One of the recommendations was that the appeal panel re-hear four cases, including a Red Deer mother who took her twin toddlers to Chicago for help with their severe sleeping disorder in 2005 and a Red Deer woman who had lung cancer surgery at the Mayo Clinic in Minnesota in 2003.

“Administrative errors were made by the appeal panel, and Albertans should not be the ones to suffer as a result. I expect the appeal panel to provide suitable redress in each of these cases,” Button said during the press conference held last week.

Emerald Raho, of Red Deer, took her twins, Nicole and Denise, to the United States when they faced a two-year wait just to undergo a sleep study in Canada, with no one to treat them afterwards.

Due to a genetic condition, the part of their brains that regulated sleep was not developed and caused the girls to use the rhythm of “head banging” to put themselves back to sleep. But the banging would also keep them awake so they weren’t getting the sleep they needed for their brains to develop and rectify the problem.

Within three weeks of seeing a specialist in Chicago in July 2005, her babies were sleeping.

Seven months later, Raho filed a $7,000 claim with the Out-of-Country Health Services Committee, to cover the cost of flights to Chicago and the sleep study. The committed denied the claim saying it was available in Canada, but would not tell Raho who was capable of treating her twins.

Lynn Clark, of Red Deer, was denied $100,000 in funding for lung cancer surgery performed at the Mayo Clinic in Minnesota in 2003.

After about 10 months of radiation and chemotherapy, her doctors in Red Deer and Edmonton recommended she go to the U.S. because there was nothing more that could be done in Canada.

Even though she succumbed to the disease a year later at age 64, she was able to remain active in the community and started a cancer support group that still runs today.
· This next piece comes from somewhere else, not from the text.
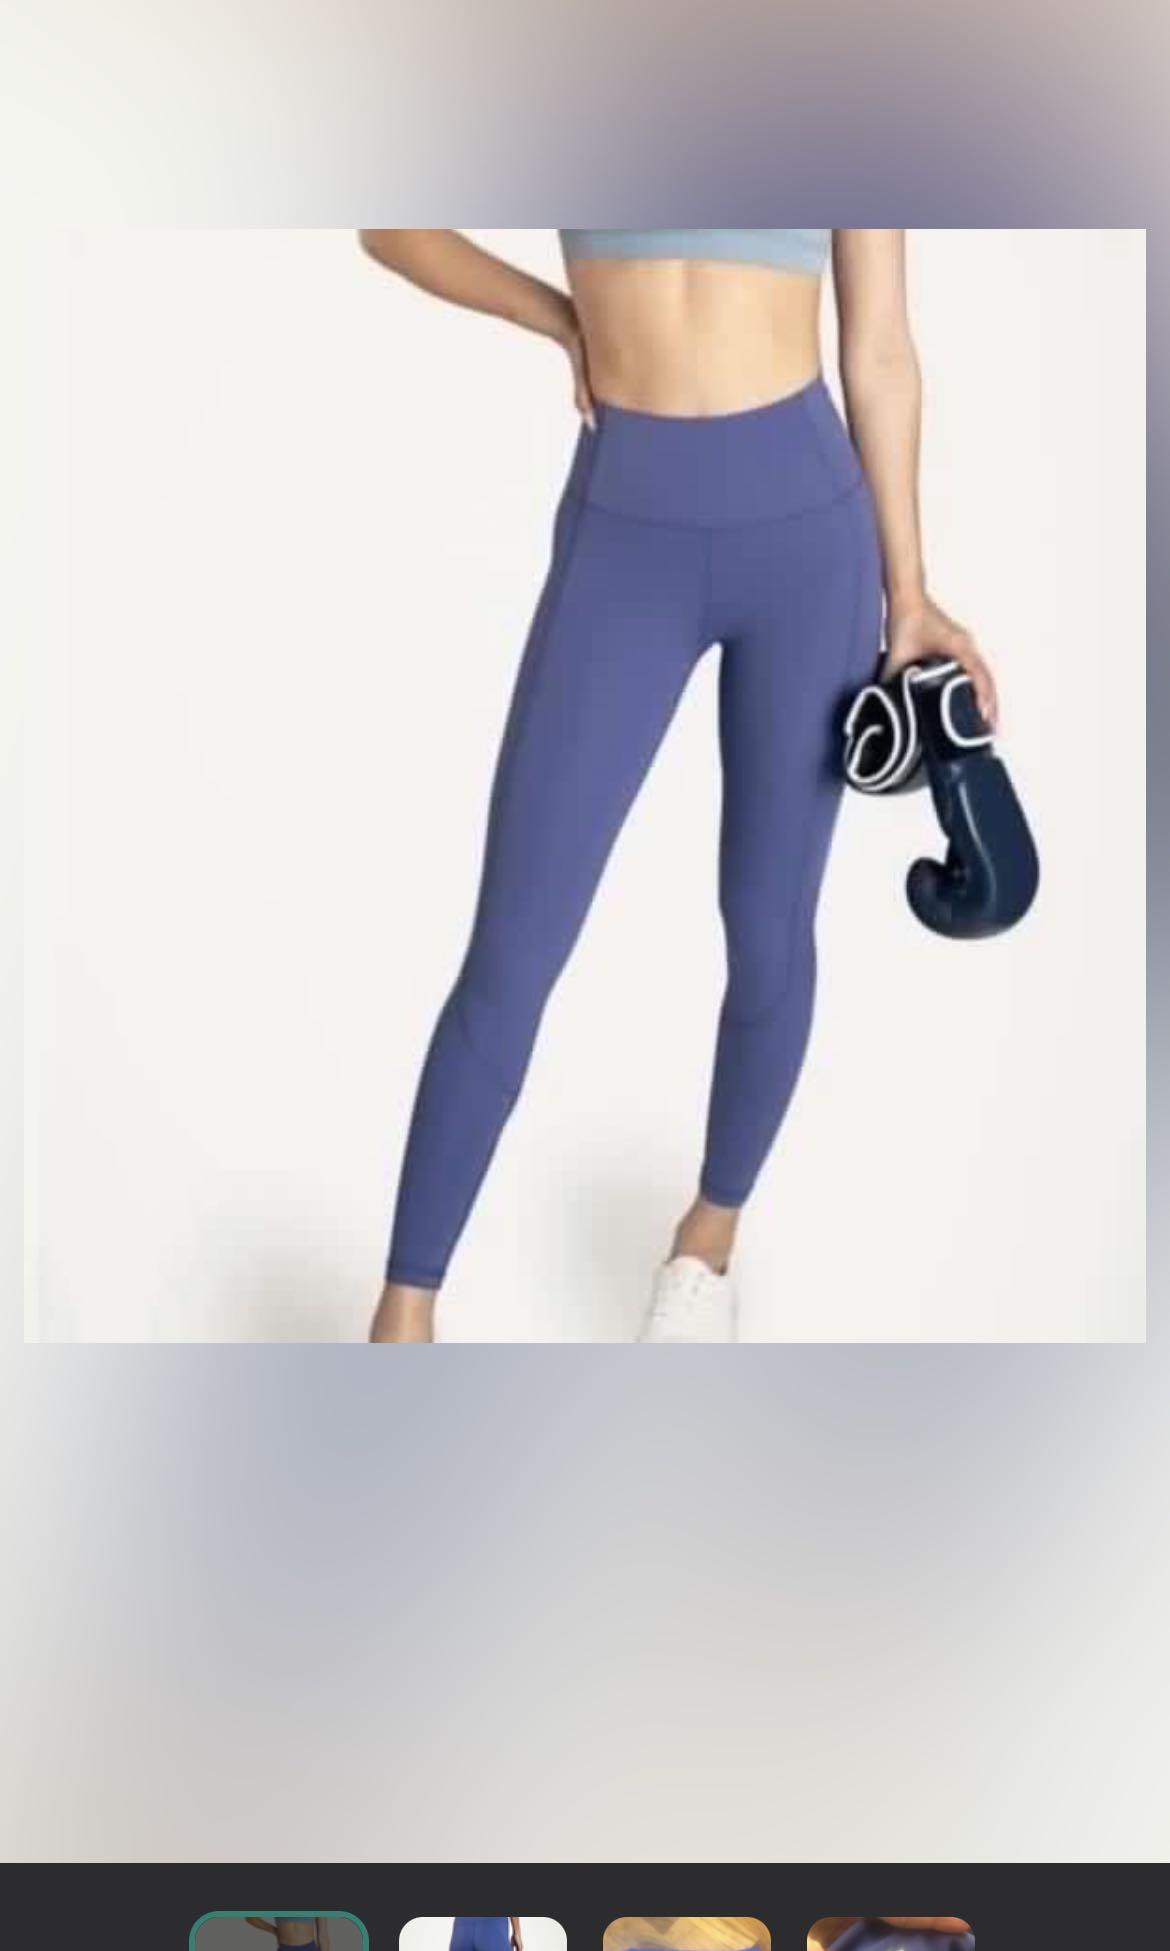 Kydra Impact Leggings in Blue, Women's Fashion, Activewear on

The committee denied her claim twice saying other treatment was available in Canada and that the surgery “wasn’t supported in general” by the Canadian Association of Thoracic Surgeons. Meanwhile, all three of her doctors, including the surgeon at the Mayo Clinic, were members of the thoracic association.

Like Raho, the committee would not say what treatment was available.

Her appeal was also denied.

Button’s report is based on an investigation announced in December after applicants were denied funding by the committee or panel without a clear explanation as to what evidence was considered and what criteria were used.

In many cases, the committee and panel determined services were available within Canada, but did not explain how they reached that conclusion, including what is considered a reasonable wait time for health services in question.

Button’s recommendations include giving applicants complete disclosure of the decision, and that physicians and dentists should complete and submit applications for funding on behalf of Albertans, with supporting documentation from specialists.

Button said physicians and dentists are best positioned to gather and present information on the availability of treatment and wait times.

The Ombudsman has asked that both Minister of Health Ron Liepert and the appeal panel respond to his recommendations by July 10.

Members of the Out-of-Country Health Services Committee and its appeal panel are appointed by Alberta Health and Wellness, but decisions are made independently of the minister of health.